Jesús, que nunca aceptó los aplausos ni se dejó seducir por la fama y el poder, en su última entrada a Jerusalén no sólo aprobó las palmas y las aclamaciones del pueblo, sino que él mismo organizó los preparativos del ingreso triunfal. Ordenó a dos de sus discípulos: «Vayan al caserío que está frente a ustedes. Al entrar, encontrarán atado un burrito que nadie ha montado todavía. Desátenlo y tráiganlo aquí…» (Lc 19,30) ¿Esto significa que Jesús había caído lamentablemente en la tentación del poder y de la vanagloria? De ninguna manera. En su entrada a Jerusalén, Jesús acepta que la multitud lo proclame rey, porque sabe que en los siguientes días, en esa ciudad, será condenado a morir en la cruz. Y entre todas las profecías del Antiguo Testamento que hablaban del Mesías, escogió la de Zacarías porque le pareció más adecuada a su mesianismo que termina en la crucifixión: «Salta de alegría, Sión -había escrito el profeta 520 años antes-, lanza gritos de júbilo, Jerusalén, porque se acerca tu rey, justo y victorioso, humilde y montado en un burro, en un joven borriquillo» (Zac 9,9).

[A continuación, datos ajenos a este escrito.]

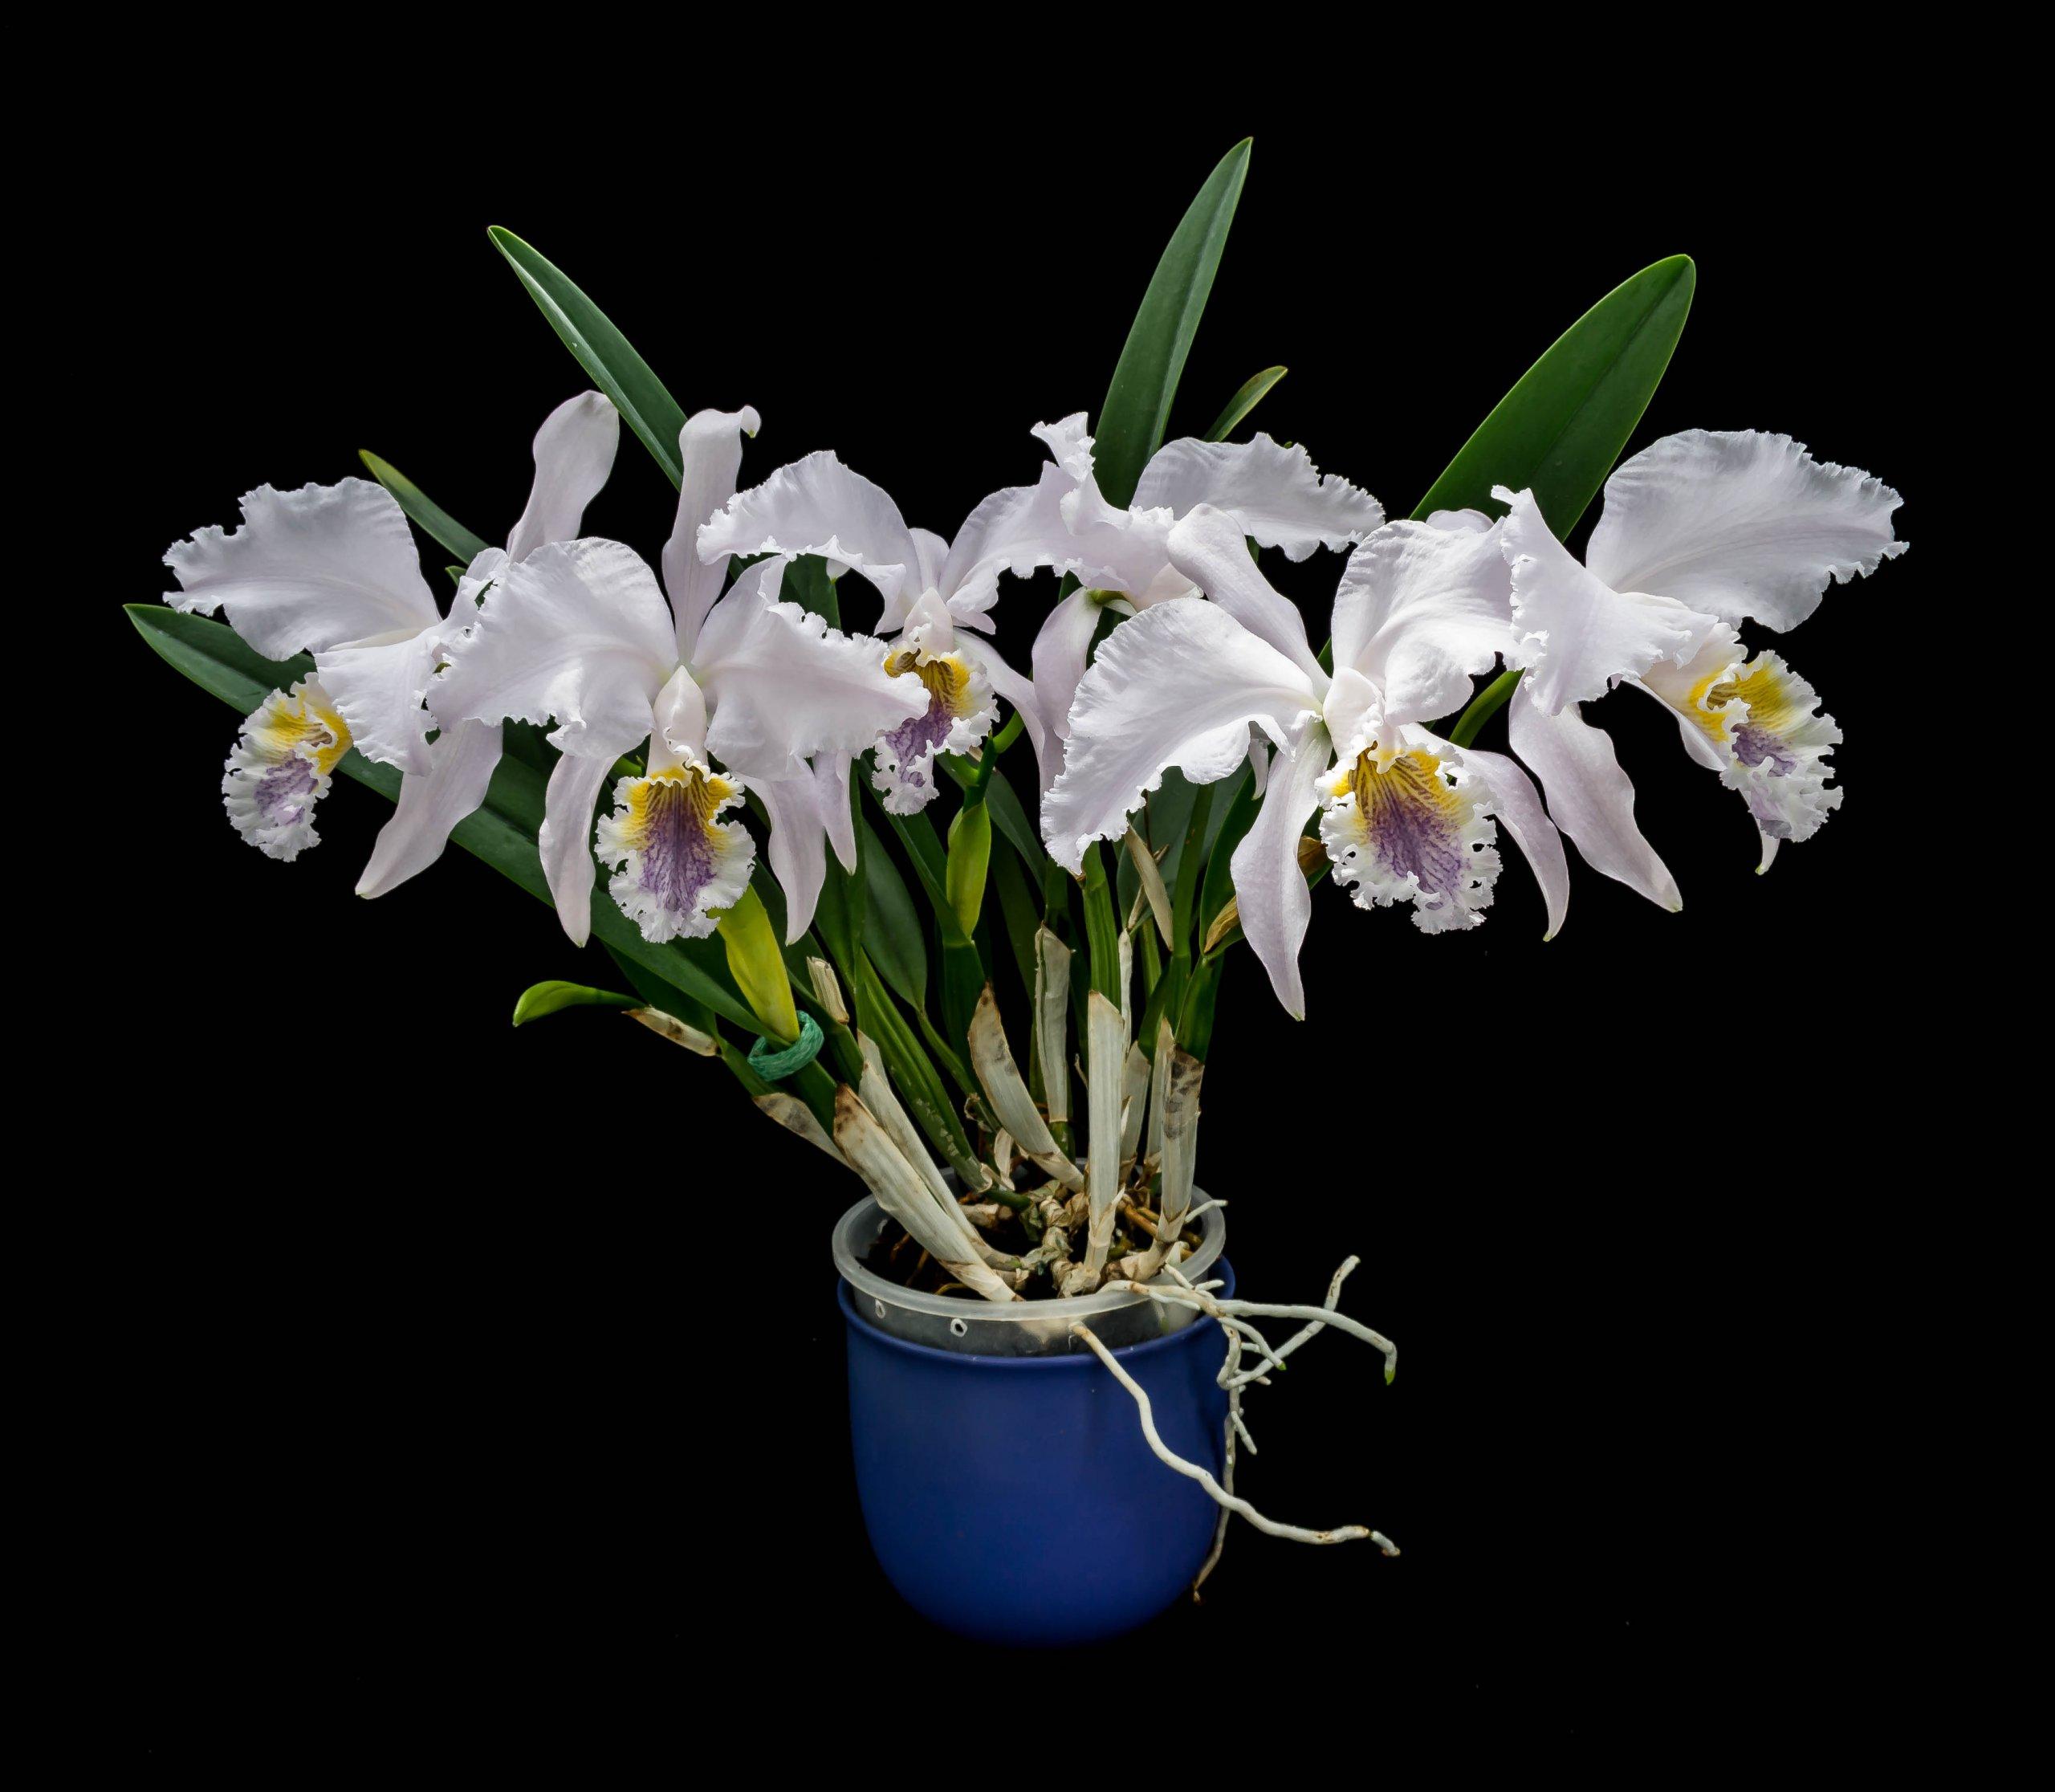 16052021 Cattleya mossiae var. coerulea 2 (1).jpg

Nadie marcha alegre, como triunfador, hacia el quirófano ni al encuentro con la muerte. John Donne, el genial poeta inglés de los siglos XVI y XVII, decía que nadie duerme en la carreta que lo conduce al patíbulo y que, sin embargo, todos dormimos de la cuna a la sepultura o no estamos del todo despiertos. ¿Qué iba a hacer Jesús ante la sentencia de muerte que dictaron en su contra las autoridades judías y romanas? ¿Desdecirse, huir a un país lejano y así traicionar a su Padre? Iría hasta el final. Nada ni nadie podría detener la obra que el Padre había puesto en sus manos. Aceptará la muerte por la causa del reino de Dios. Abrazará por amor la cruz. Resuelto a encarar este destino trágico inició desde Galilea su marcha hacia Jerusalén, con paso firme y confiado en su Padre. Varias veces, durante el largo camino, anunció a los apóstoles su trágico final y también su resurrección, convencido de que Dios no abandona al justo en la persecución y en la muerte. Por eso podía dormir en la carreta que lo conducía al patíbulo y subir alegre y victorioso a la Ciudad de David que sería su cadalso.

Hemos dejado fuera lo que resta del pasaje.